* _DATASET EXTRACT_:
################

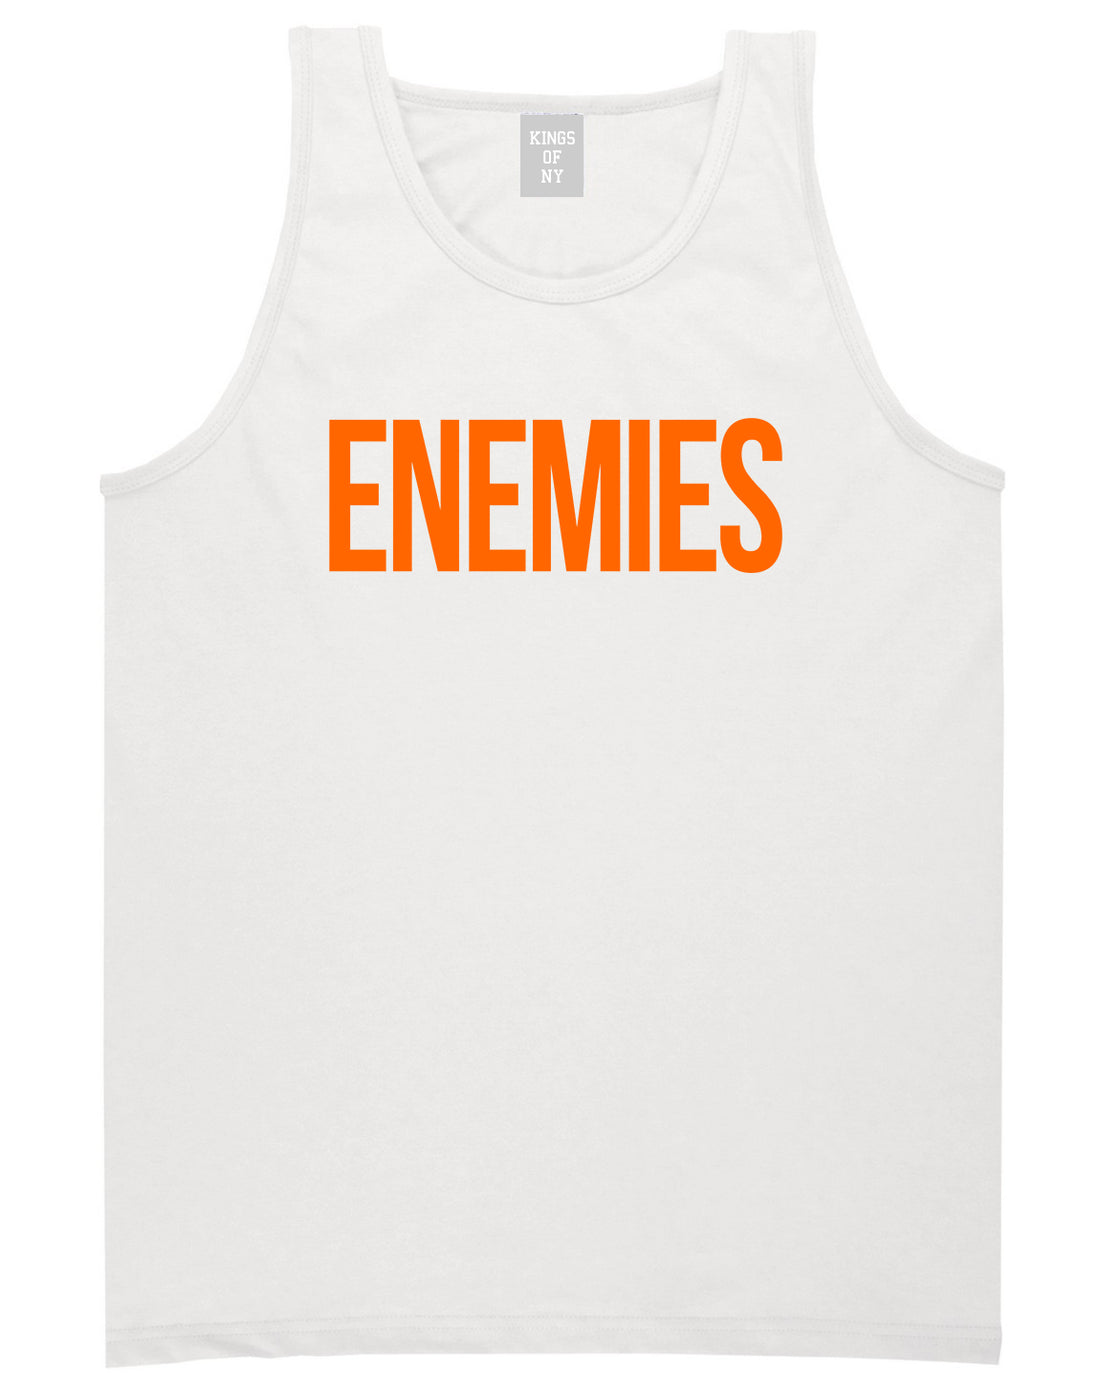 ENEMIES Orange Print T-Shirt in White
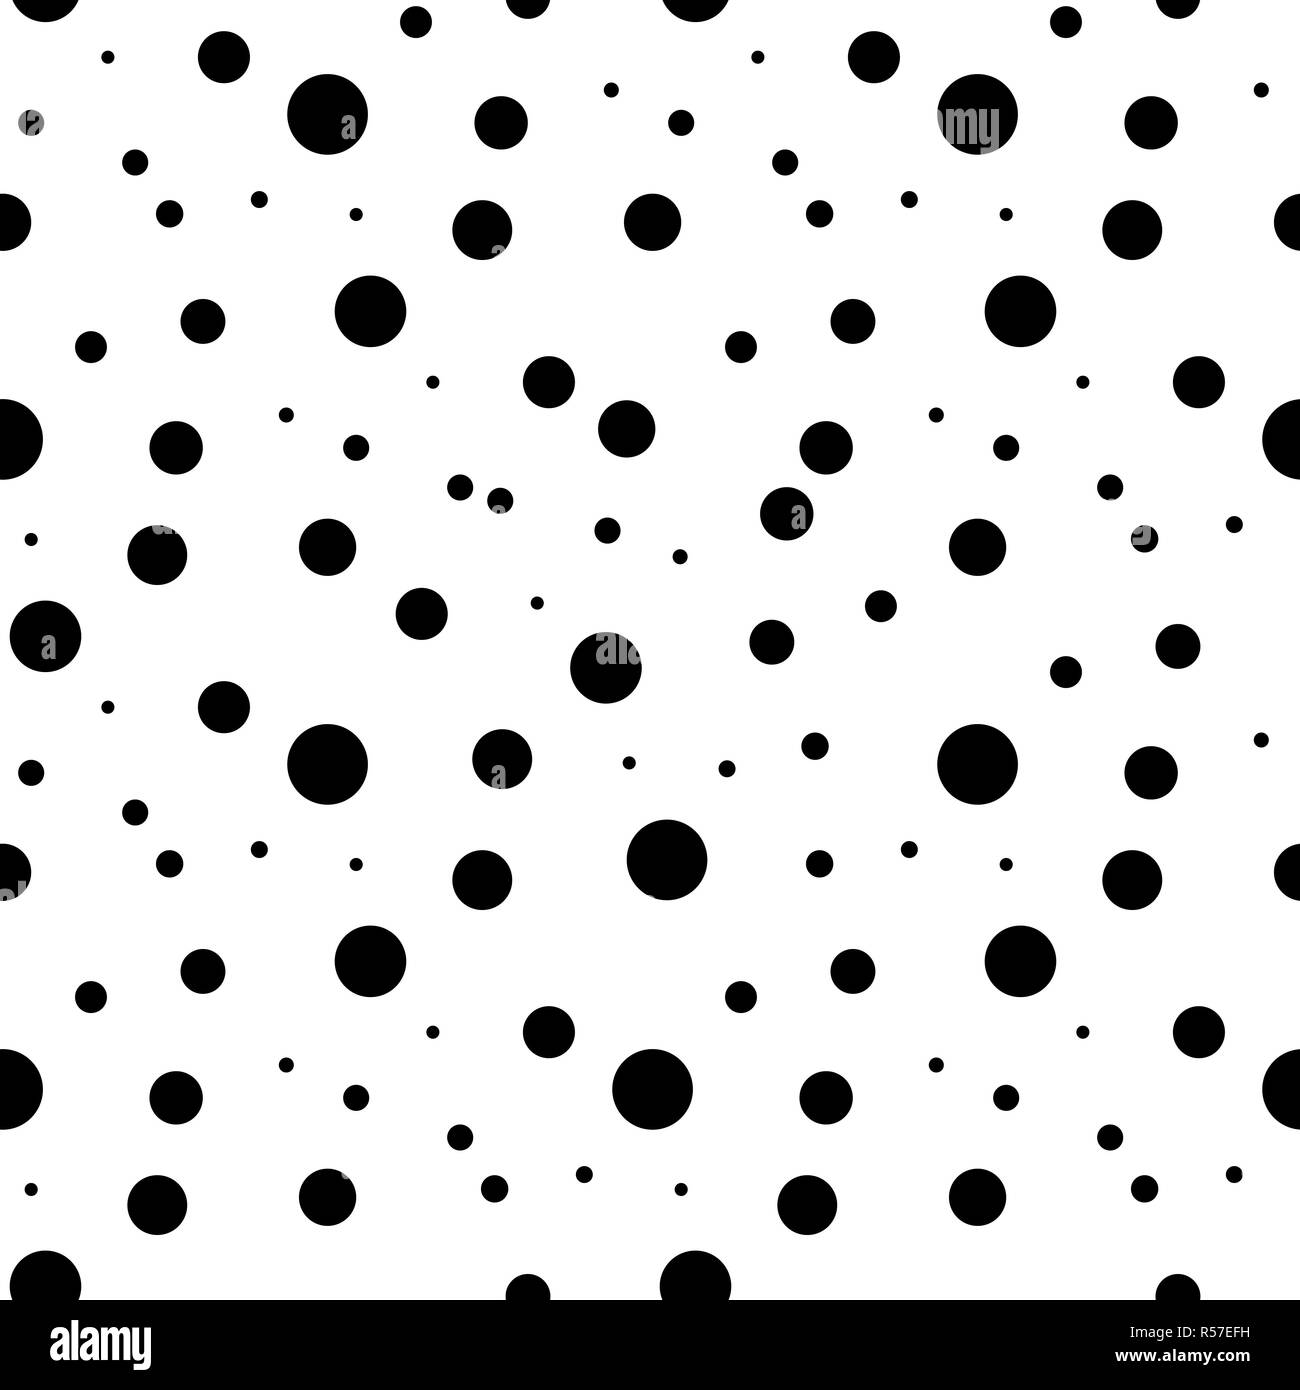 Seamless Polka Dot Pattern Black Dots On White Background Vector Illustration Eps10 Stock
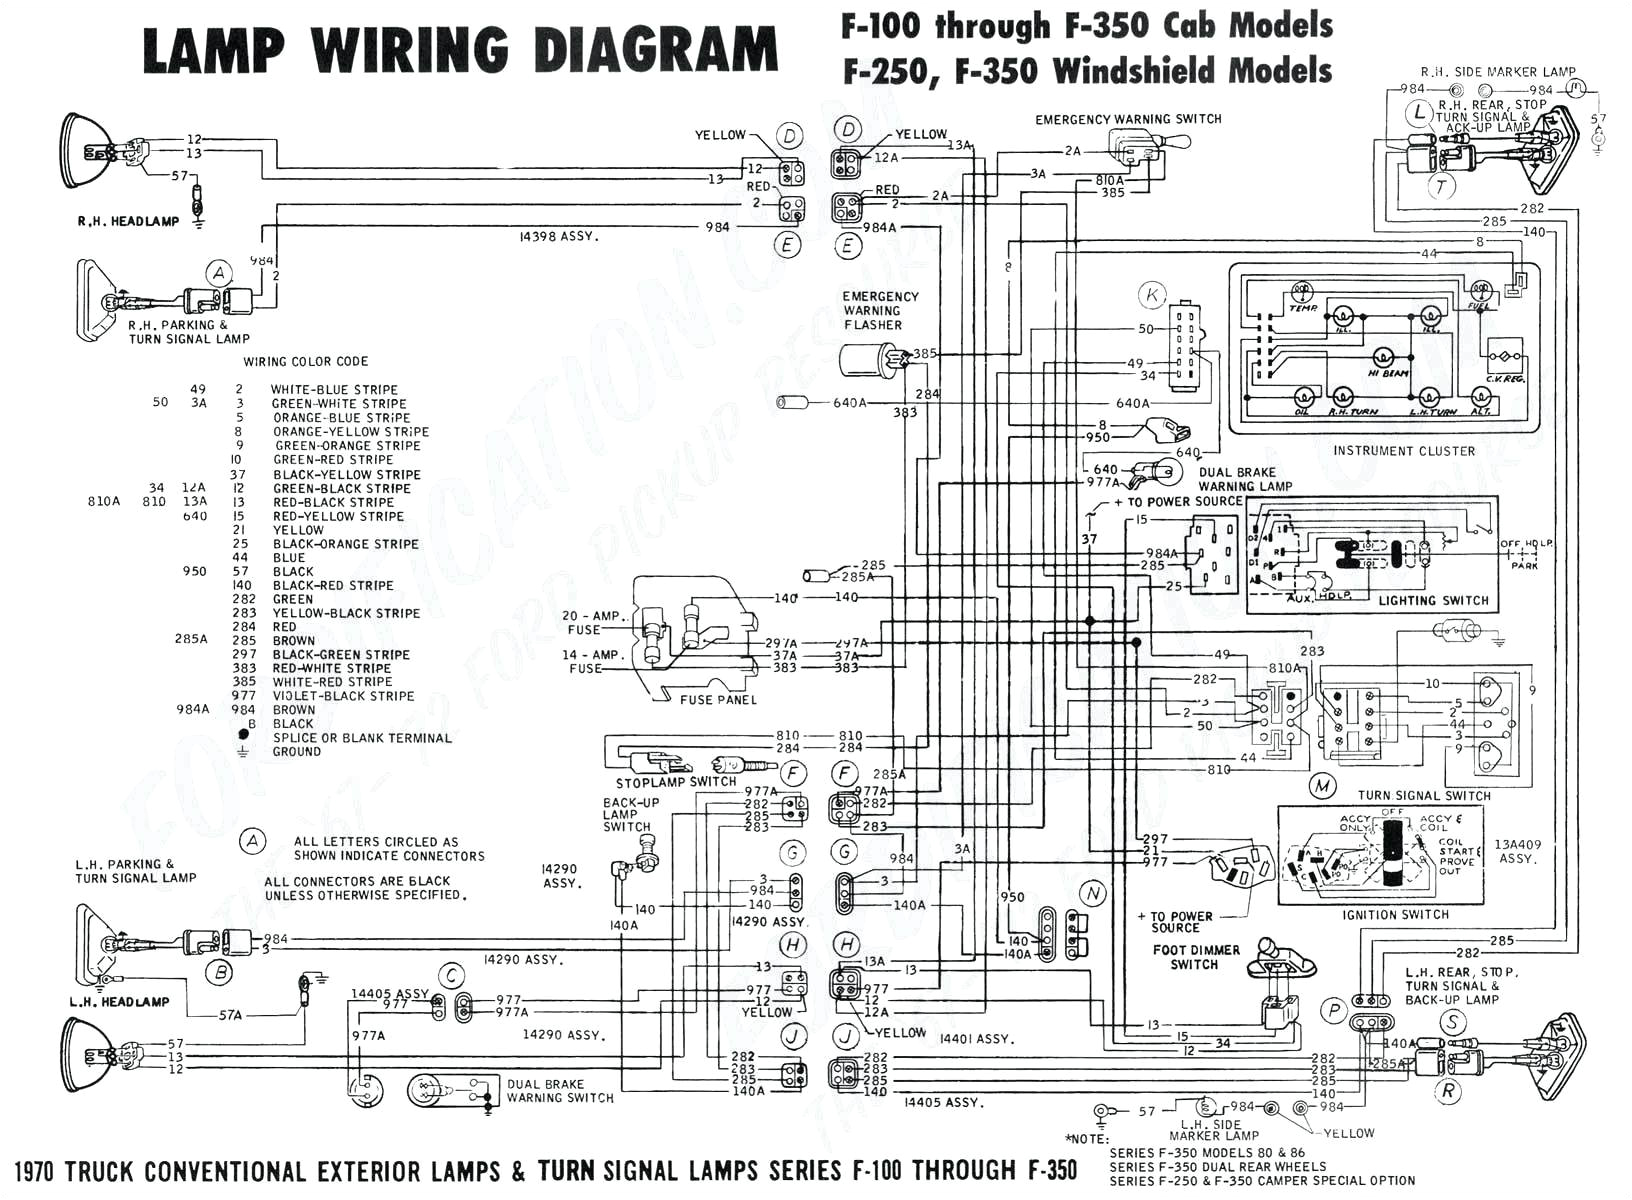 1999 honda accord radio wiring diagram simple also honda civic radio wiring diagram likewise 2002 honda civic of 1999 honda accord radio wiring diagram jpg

################

Pictures aside, return all of the material exactly as written.

* _ANSWER TO THIS PROBLEM_:
 ENEMIES Orange Print T-Shirt in White
 Seamless Polka Dot Pattern Black Dots On White Background Vector Illustration Eps10 Stock
 1999 honda accord radio wiring diagram simple also honda civic radio wiring diagram likewise 2002 honda civic of 1999 honda accord radio wiring diagram jpg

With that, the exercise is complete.